Thermal mismatch in heterogeneous designs, different use cases, can impact everything from accelerated aging to warpage and system failures.
Thermal-induced stress is now one of the leading causes of transistor failures, and it is becoming a top focus for chipmakers as more and different kinds of chips and materials are packaged together for safety- and mission-critical applications.
The causes of stress are numerous. In heterogeneous packages, it can stem from multiple components composed of different materials. “These materials have different properties such as thermal expansion and conductivity,” said Melika Roshandell, product management director for Multiphysics System Analysis at Cadence. “When we have power in these devices that causes heat, various components in the design can behave differently. This can cause problems such as cracking of the BGA balls and buckling of the device, which can cause breakage.”
Norman Chang, fellow and CTO of the electronics, semiconductor and optics business unit at Ansys explained that on a 3D-IC, stress is mainly caused by the incompatible coefficient of thermal expansion (CTE) mismatch between two materials which cause warpage and displacement.
“For example, silicon material has CTE of 2.6, while package material has CTE of 6, and FR4 of PCB has CTE of 17 PPM/°C,” Chang said. “Thermal-induced stress can be caused by the different expansion and contraction rates of different material in 3D-ICs, with temperature gradients from different workload or thermal cycling during testing. There are package-related mechanical stresses, including dielectric cracking, interfacial cracks, solder joint fatigue, copper trace cracking, and package delamination due to thermal-mechanical stress, moisture swelling failure and vapor pressure induced ‘popcorn’ cracking due to hygro-mechanical stress, and electromigration electro-thermal-mechanical trace failure due to electro-thermal-mechanical stress. And for large 3D-IC designs, stress can cause warpage and stress/strain in areas such as extreme low-k dielectrics.”
All of this affects the reliability of devices. “There is intentionally-designed stress in certain silicon crystal orientation for the speed-up of mobility in the device channel,” Chang said. “However, the warpage and stress can impact device and interconnect performance, as well. It is not easy to calculate the electrical performance impact, given stress distribution in 3D-ICs. Foundries may give a guideline on the maximum warpage/stress allowed in 3D-ICs, and designers should avoid exceeding the constraints.”
Fig. 1: Multi-physics stress in an electronic system.

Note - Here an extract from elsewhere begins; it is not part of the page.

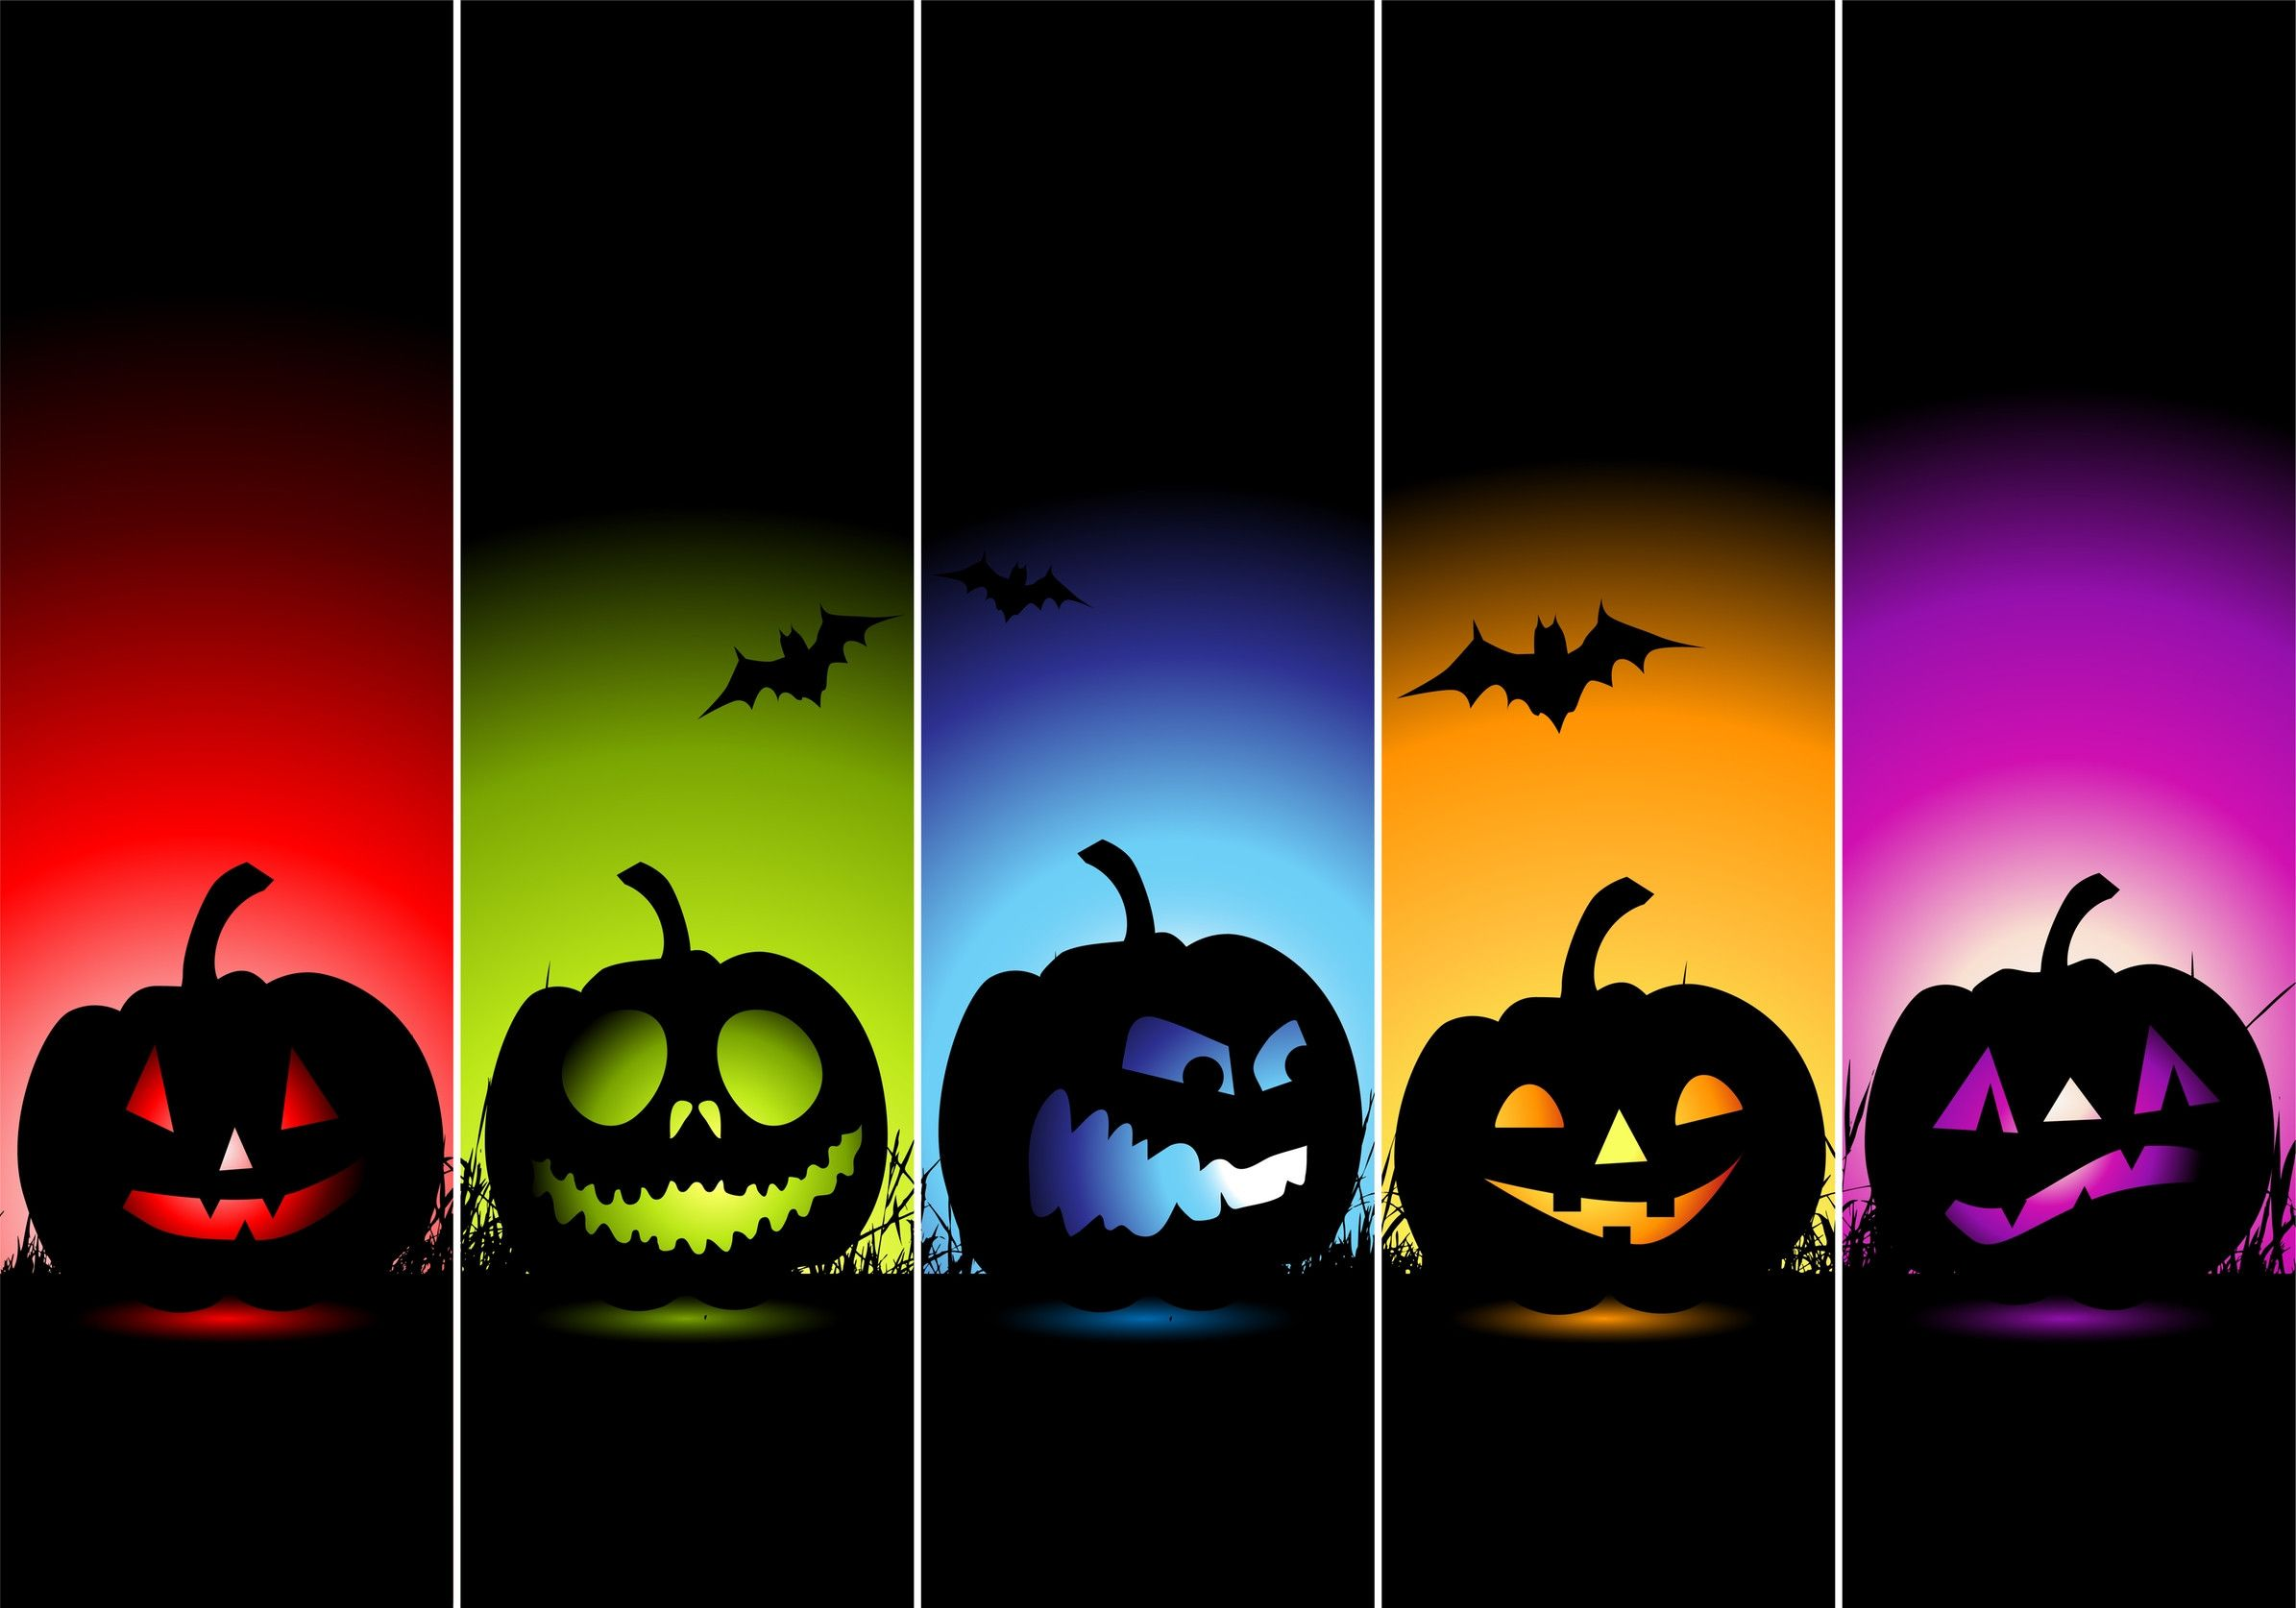 Best Halloween Wallpapers - Wallpaper Cave

Source: Ansys
A number of mathematical equations are used to model thermal-induced stress, most of which contain an Arrhenius equation component. “This says that there is a particular activation energy for some particular effect, and once you create that amount of energy, then the effect will happen,” said Rob Aitken, a Synopsys fellow. “As you increase the temperature in a system, you increase the amount of energy, you increase the likelihood of these events happening, and so you see an exponential increase in whatever it is depending on the temperature.”
There’s also Black’s equation for electromigration, which has a similar temperature dependence on mean-time-to-failure (MTTF), as well as a current density dependence, where higher is worse.
As the temperature rises, a number of effects — hot carriers, electromigration, voltage stress, and temperature stress — worsen. “That is coupled with statistical variation in temperature across die, which means in planar devices, there were effects like, ‘Oh, this thing gets worse.’ Bias temperature instability (BTI) is the classic example,” Aitken explained. “It gets worse. You shut the thing off, and it gets better, but then gets worse again, in a sawtooth-like behavior. If it never gets a chance to relax, then the sawtooth doesn’t come down quite as far the next time, and it just gets worse over time.”
The relevant equations here are statistical models, which assume that if you have enough instances of something, they will follow this behavior. Put simply, you expect they will fail over time at a predictable rate. That is the foundation of almost all reliability analysis, which essentially is a failure-in-time mechanism.
“While there are many equations, there’s also the challenge that you can model these things at a macro level, even though at the micro level you probably can’t,” Aitken said. “This means you have to assume that people who design the process are looking at the device level, figuring out what the reliability profile is at the device level, and creating some kind of aging model based on that. Again, you can have the fanciest solver in the world, but it’s not going to be able to solve all the instances that are out there. You have to pick and choose.”
When things got worse
Stress isn’t a new challenge, but prior to 90nm it was largely ignored.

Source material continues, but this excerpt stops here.